Он рассмеялся и поднял вверх руки.

– Ты спрашиваешь меня о происхождении Зла? Я не теолог. Теологи обсуждают этот вопрос вот уже несколько веков.

– Это не экзамен по теологии. Я просто хочу знать твое мнение. Я полагаю, ты думал об этом. Особенно, если был свидетелем экзорцизма.

– Да, я думал об этом. – Лицо Ксавье снова стало серьезным. Сейчас он совсем не был похож на простого священника из бедных кварталов. – Существует миф, который может служить объяснением. Это христианский миф, на который, возможно, опирался Мильтон, когда писал свой «Потерянный Рай». Я верю, что мифы живут потому, что содержат в себе элемент правды, и мы чувствуем ее сознательно или бессознательно. Так вот, этот миф заключается в следующем. Бог – энергия и источник всего – прежде, чем создать Человека, создал другие Существа. Подобно нам, эти существа обладали индивидуальностью, личными качествами и свободной волей. Они мыслили, действовали и общались между собой. В отличие от нас, они были бестелесными. Это были духи, жившие в духовном царстве. Мы называем их ангелами. Люцифер тоже был ангелом, который по своей воле решил, что ему не нравится Бог и его действия. Люцифер привлек массу сторонников. По некоторым версиям, Люцифер оставляет царство Бога по своей воле после создания Земли – Люцифер берет себе Землю, и Бог отдает ее ему. В это, помимо многих других, верили, например, гностики. Ортодоксальная христианская версия утверждает, что Бог сбросил Люцифера, или Сатану, с небес – места света – и создал для него и его последователей ад – место тьмы. И кстати, Бренвен, несколько слов насчет того, как получилось, что многие считают, что христиане изобрели дьявола: в средние века, когда христианство распространялось по Европе, Африке и Ближнему Востоку, Церковь сделала не очень удачную, но зато эффективную попытку истребить местные старые религии тем, что приписывали имена различных местных богов дьяволу и его демонам. То же и с магией – если «чудеса» происходили без санкции Церкви, они считались делом рук дьявола.

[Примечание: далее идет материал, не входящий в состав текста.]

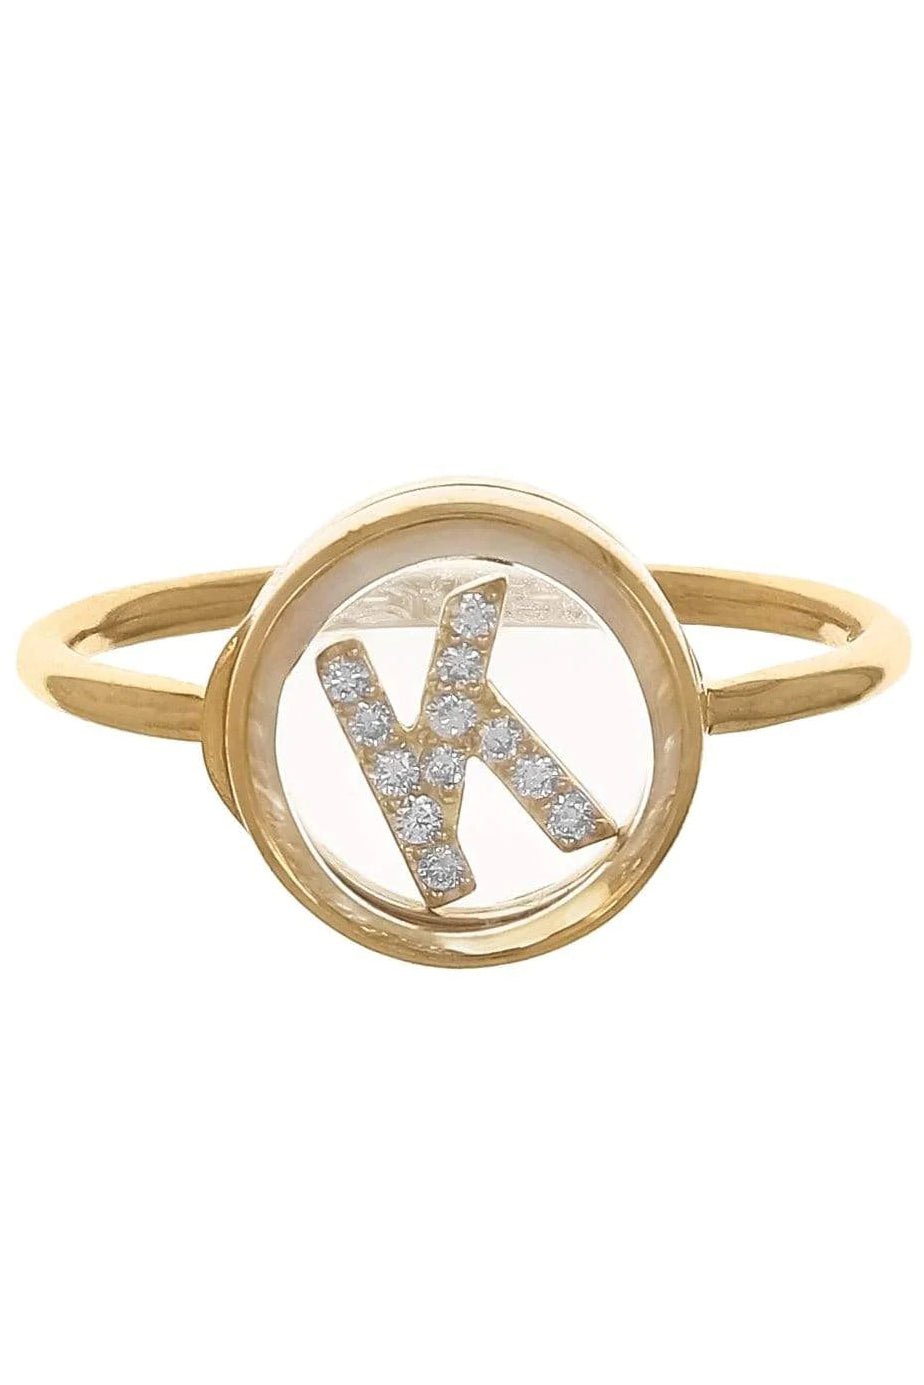 MORITZ GLIK-"K" Initial Locket Ring-YELLOW GOLD

– Угу. Это очень интересно, особенно та часть, где говорится о том, что Бог создал сначала ангелов, обладающих свободной волей, и так далее. Я не слышала об этом раньше. – Бренвен взяла со стола их забытые кофейные чашки, в которых кофе уже остыл, и снова наполнила их. Затем опять села. – Ксавье, я унаследовала от моих валлийских предков способность, за которую твои Отцы Церкви, без сомнения, сожгли бы меня на костре. Я могу Видеть. Я очень чувствительна на этот счет и обычно не рассказываю всем окружающим об этом, как, наверное, и ты не рассказываешь кому попало о том, что веришь в одержимость демонами. Меня воспитывали таким образом, чтобы я не придавала значения этим своим способностям, хотя моя бабушка поощряла бы и поучала меня, если бы мои родители позволили ей это. И вплоть до последних нескольких лет я сама отрицала эту способность или игнорировала ее. У меня нет такой сильной религиозной веры, как у тебя. У меня есть такая духовная вера, которая, похоже, является врожденной: я не приобретала свои духовные взгляды, а скорее открывала их в себе, и я все еще продолжаю открывать их. Я знаю, что подобные вещи считаются невозможными. Но я чувствую это в себе именно так.

– Замечательно! Ты знакома с Юнгом, Бренвен?

– Не очень глубоко.

– То, что ты только что сказала об открывании воззрений, напоминает мне теорию Юнга о «коллективном бессознательном». Если духовные истины хранятся в душе, а душа бессмертна…

– И если существует перевоплощение… Но ты, как католический священник, не должен верить в это, Ксавье.

– Может, да, может, нет. Но я вовсе не хотел отвлечь тебя. Пожалуйста, продолжай.

– О’кей. Я скажу тебе в нескольких словах то, что в данный момент действительно кажется мне очень важным: на протяжении последних нескольких лет во мне нарастает какое‑то все усиливающееся ноющее ощущение, каким‑то образом связанное со злом. И все же умом я не хотела признавать реальность существования зла – я просто считала, что даже те, кого мы называем злыми, на самом деле просто менее добрые и могут стать лучше.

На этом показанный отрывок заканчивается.